--- MATERIALS PROVIDED ---

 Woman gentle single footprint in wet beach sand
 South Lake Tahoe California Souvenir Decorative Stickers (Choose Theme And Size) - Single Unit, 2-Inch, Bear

---
--- MATERIALS PROVIDED ---

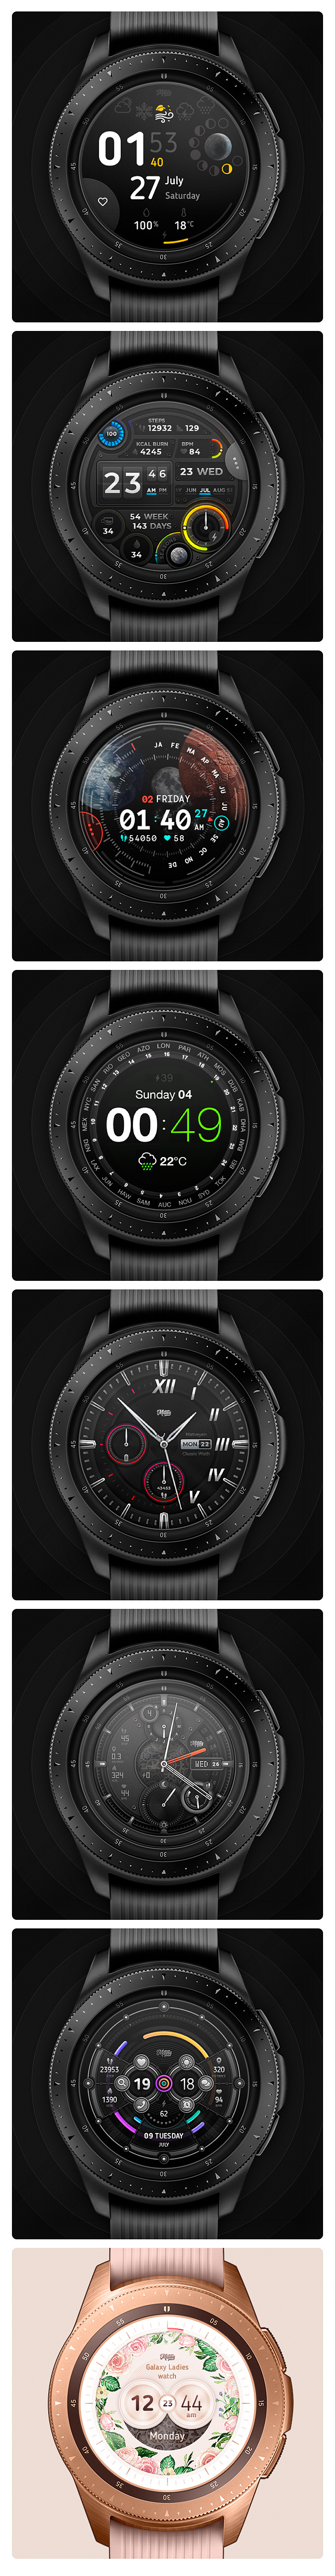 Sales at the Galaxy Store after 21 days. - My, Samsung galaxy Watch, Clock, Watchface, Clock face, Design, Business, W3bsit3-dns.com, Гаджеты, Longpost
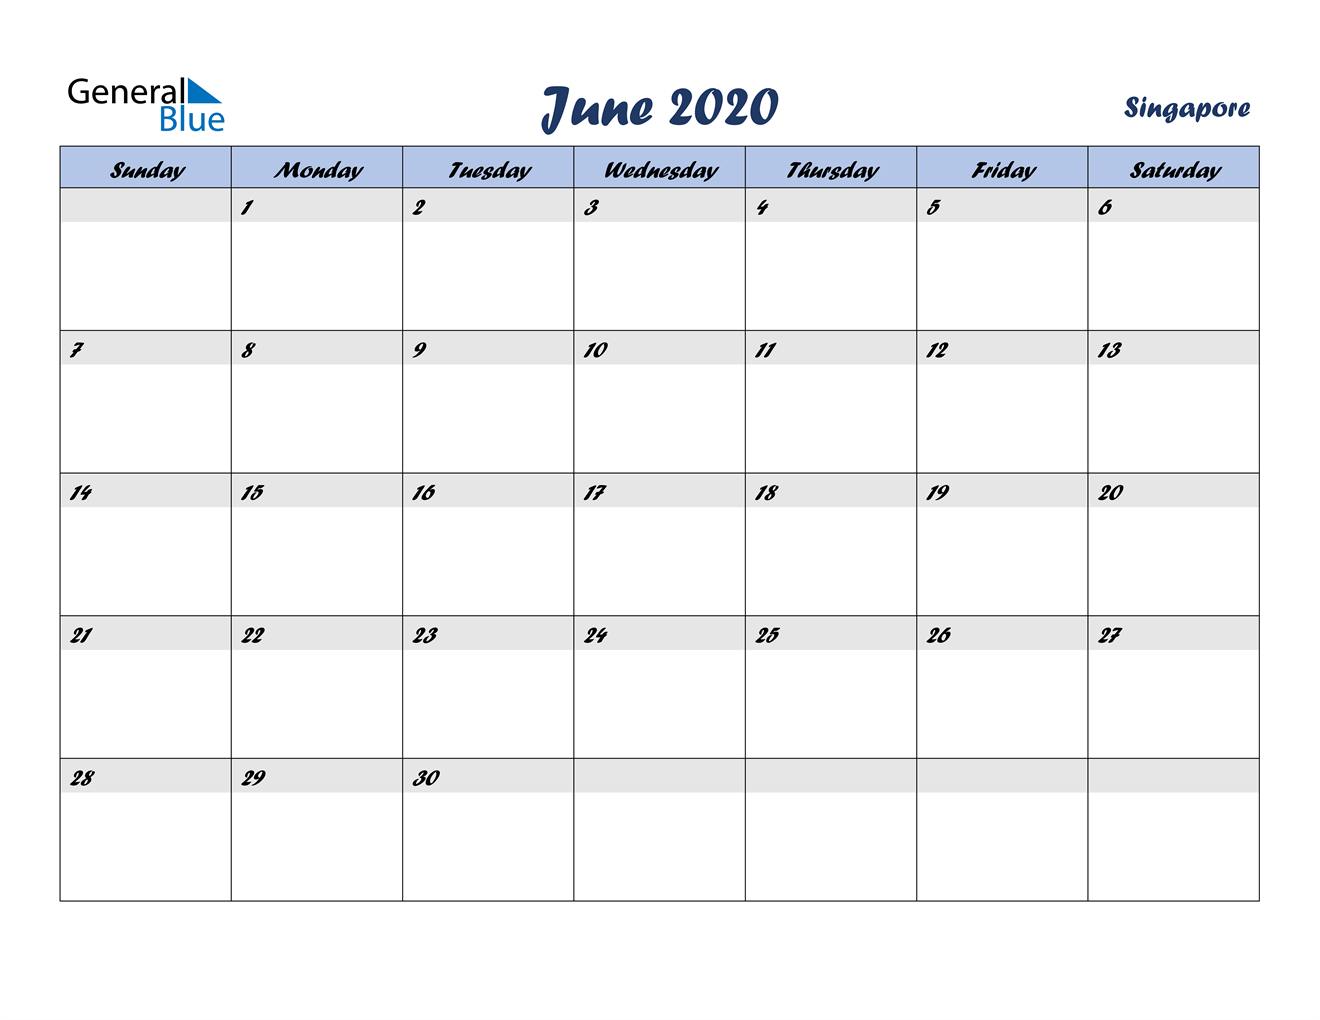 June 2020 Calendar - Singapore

---
--- MATERIALS PROVIDED ---

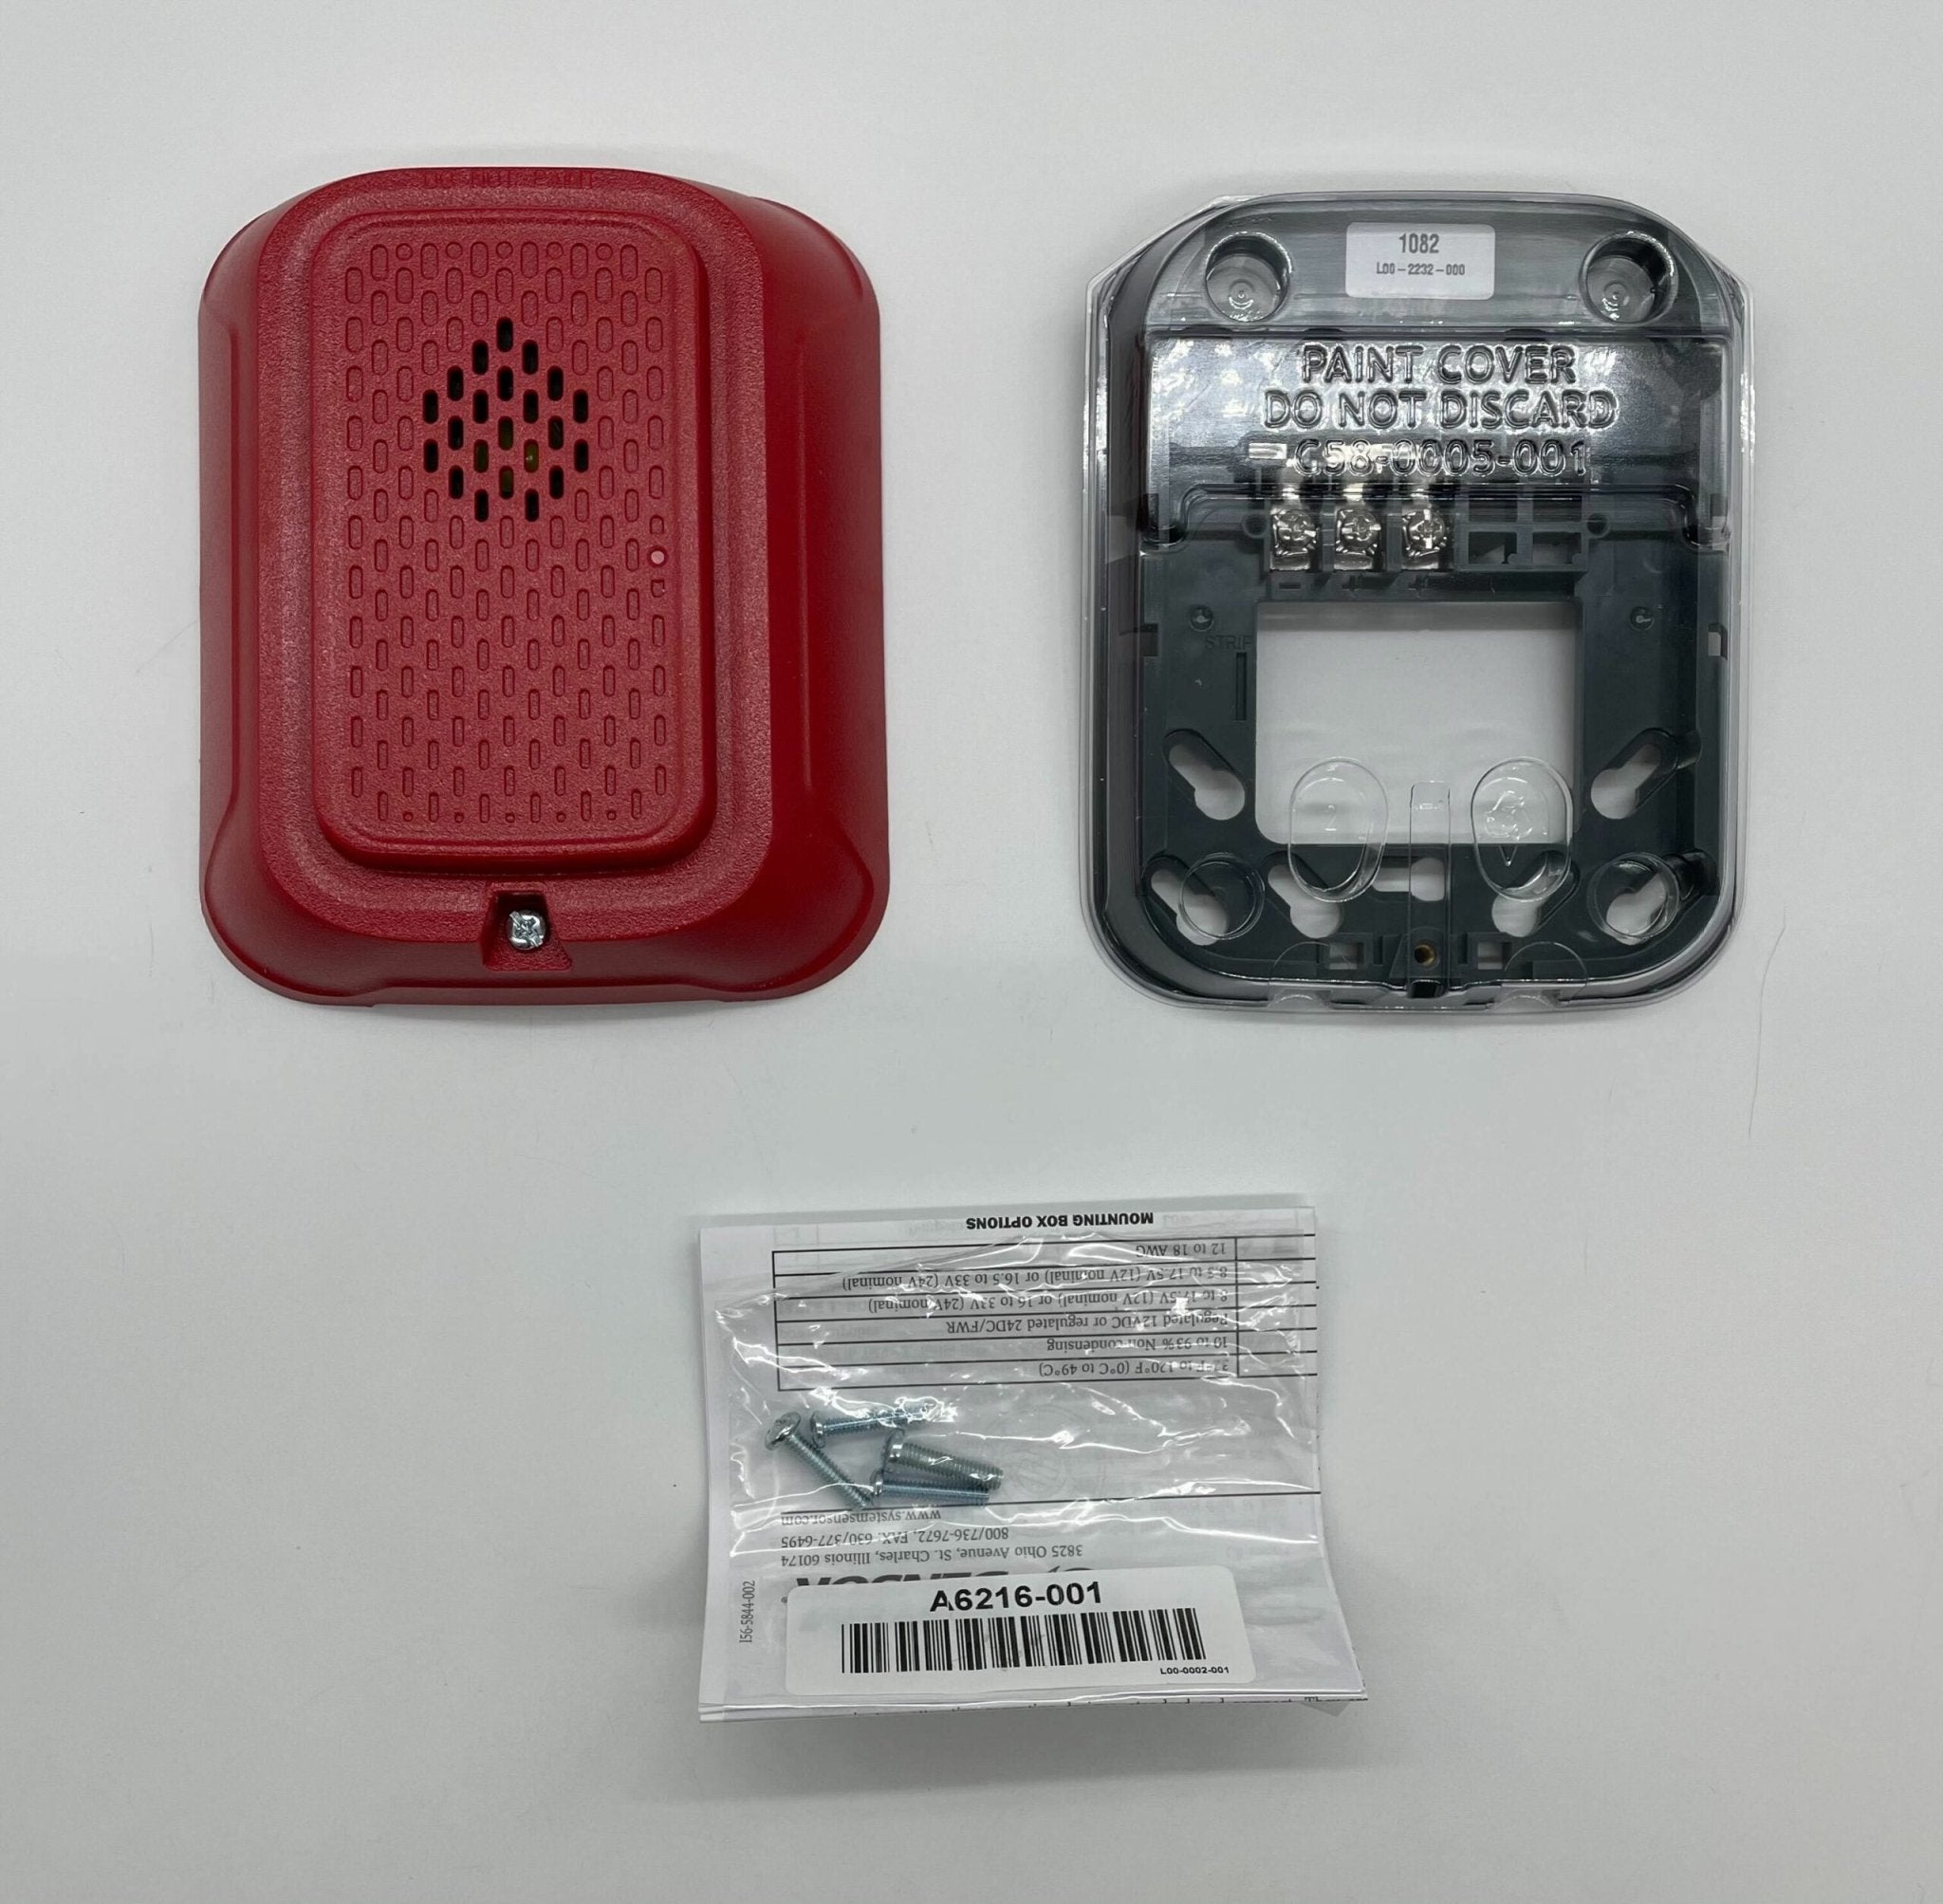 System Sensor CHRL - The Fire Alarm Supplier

---

*ASSIGNMENT*:
Starting at the line above that contains "Woman gentle single", repeat each line exactly up to and including the line that contains "South Lake Tahoe", and stop there.

*COMPLETED EXERCISE*:
 Woman gentle single footprint in wet beach sand
 South Lake Tahoe California Souvenir Decorative Stickers (Choose Theme And Size) - Single Unit, 2-Inch, Bear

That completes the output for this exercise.